Todo eso y más podemos encontrarlo en «Brown Sugar», lúbrico número de apertura y quintaesencia del sonido stone, al menos del que ha dejado una impronta más profunda en el imaginario colectivo. El peso específico de esta turbia historia de sexo interracial, esclavitud y barbitúricos devendrá en incalculable para el sonido a practicar por la banda en lo sucesivo. «Sway», por su parte, es pura épica de callejón: Triste, desoladora historia en tonos sepia la que nos cuenta, totalmente desmentida, eso sí, por el poderío con el que la banda la pone en pie, con un Jagger cantando como nunca y un excelso solo de guitarra llevándola a término.
«Wild Horses» es el primer volantazo del elepé hacia tesituras acústicas y, por obvio que resulte recordarlo, uno de sus clásicos impepinables.
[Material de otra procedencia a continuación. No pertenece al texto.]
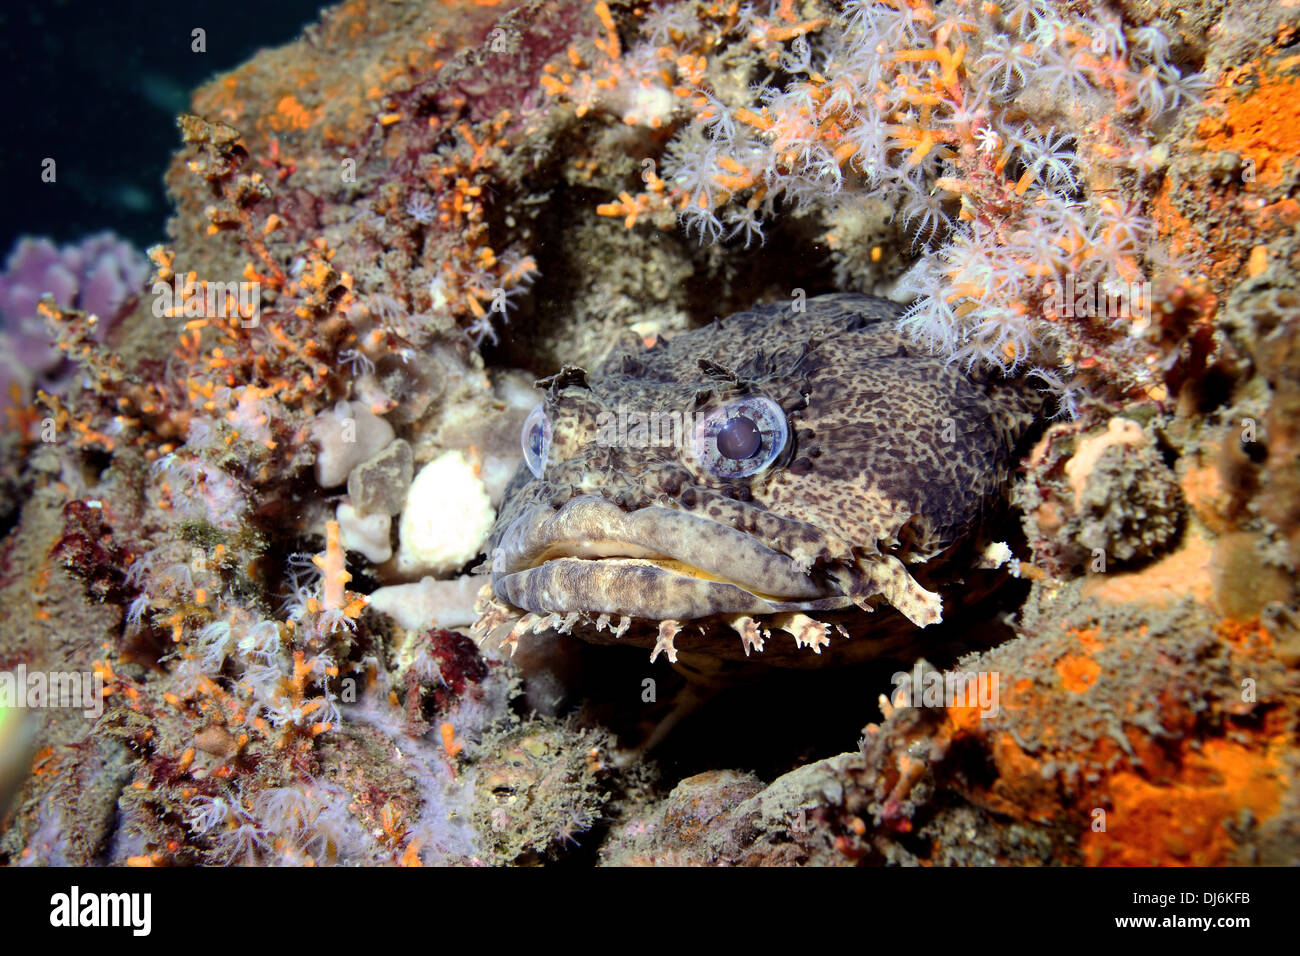 A perfectly camouflaged Toad fish sits within the multitudes of sea life that inhabit an old shipwreck Stock Photo

Para el momento de su edición ya había sido grabada por The Flying Burrito Brothers e incluida en su laureado LP «Burrito Deluxe», pero los stones pusieron distancia con respecto a la revisión del combo de Gram Parsons, restándole en preciosismo hilbilly así como en minutaje y dotándola de una mayor complejidad y atmósfera, entretejiendo acústicas de seis y doce cuerdas a mayor gloria de uno de los momentos más dulces del redondo.
Contraste total el de «Can’t You Hear Me Knocking» con su predecesora. Dónde una era remanso esta es desbocada explosión eléctrica que no se aviene a cortapisas de tipo alguno, como pone de manifiesto la extensa jam que lo concluye. En otro orden de cosas, marca el inicio de la colaboración de Billy Preston con el grupo; aquel teclista, arreglista y compositor que con el correr de la década pasaría a ser, prácticamente y con permiso de Ian Stewart, el sexto stone (la tesitura desde luego no era nueva para él, que venía de ser el quinto beatle)
«You Gotta Move», fiel incursión en el cancionero de «Mississipi» Fred McDowell, cierra la primera cara del largo. Generosa en slides, cumple una función similar a la que«Love In Vain» tenía en «Let It Bleed», esto es: Un momento raunchy, un tributo a sus raíces realizado sin -aparentemente- muchas pretensiones, con la banda disfrutándose a tope y sin artificios.
«Bitch» retoma el pulso eminentemente rock and roll que cohesiona el album, y, al igual que el tema que abre la cara precedente, puede jactarse de poseer una crujientes guitarras y un jugoso saxofón (cortesía, una vez más, de Bobby Keys) que bordan uno de los momentos más innegociablemente vacilones del trabajo. Le sigue, palabras mayores, la solemne «I Got The Blues», exquisito retorno, madurado eso sí, a aquella faceta soul que antaño menudeaba en su producción y que parecía algo diluida en sus últimas entregas. El folk y una sucinta lisergia envuelven la enigmática «Sister Morphine», que por mucho que Jagger se empeñe en aclarar que narra las desventuras de la desdichada víctima de un accidente, será asociada ad aeternum a la crónica de una adicción en primera persona.
Llega el turno de uno de los highlights indiscutibles del disco, me refiero, claro está, a la colosal «Dead Flowers»: Continuación, y quién sabe si culminación, de la senda country abierta por el grupo tiempo atrás, seriamente acentuada por la simbiosis establecida entre Gram Parsons y la banda. Exquisita, con un Jagger rezumando chulería y poseedora de unos versos sencillamente impagables («Well when you’re sitting back in your rose pink Cadillac/Making bets on Kentucky Derby Day/I’ll be in my basement room, with a needle and a spoon/And another girl to take my pain away» Charm, mucho charm hay que tener para poder cantar esos versos sin exponerse al ridículo). «Moonlight Mile», dotada de una irresistible cualidad onírica, rayana al preciosismo, se encarga de poner el punto y final a una obra depositaria de una leyenda perfectamente justificada.
Poco importaba que The Rolling Stones llevasen casi diez años en la pelea (una eternidad para los estándares de la época) Supervivientes de la primera british invasion, la cultura del single, la beatlemania y cuántos nubarrones tuvieron a bien cernirse sobre sus cabezas, la banda se encontraba en su mejor versión, capaces de facturar obras tan mágicas, míticas, místicas, lascivas, conmovedoras, concisas, evocadoras y poderosas como «Sticky Fingers». Y aún les quedaban algunas balas en la recámara.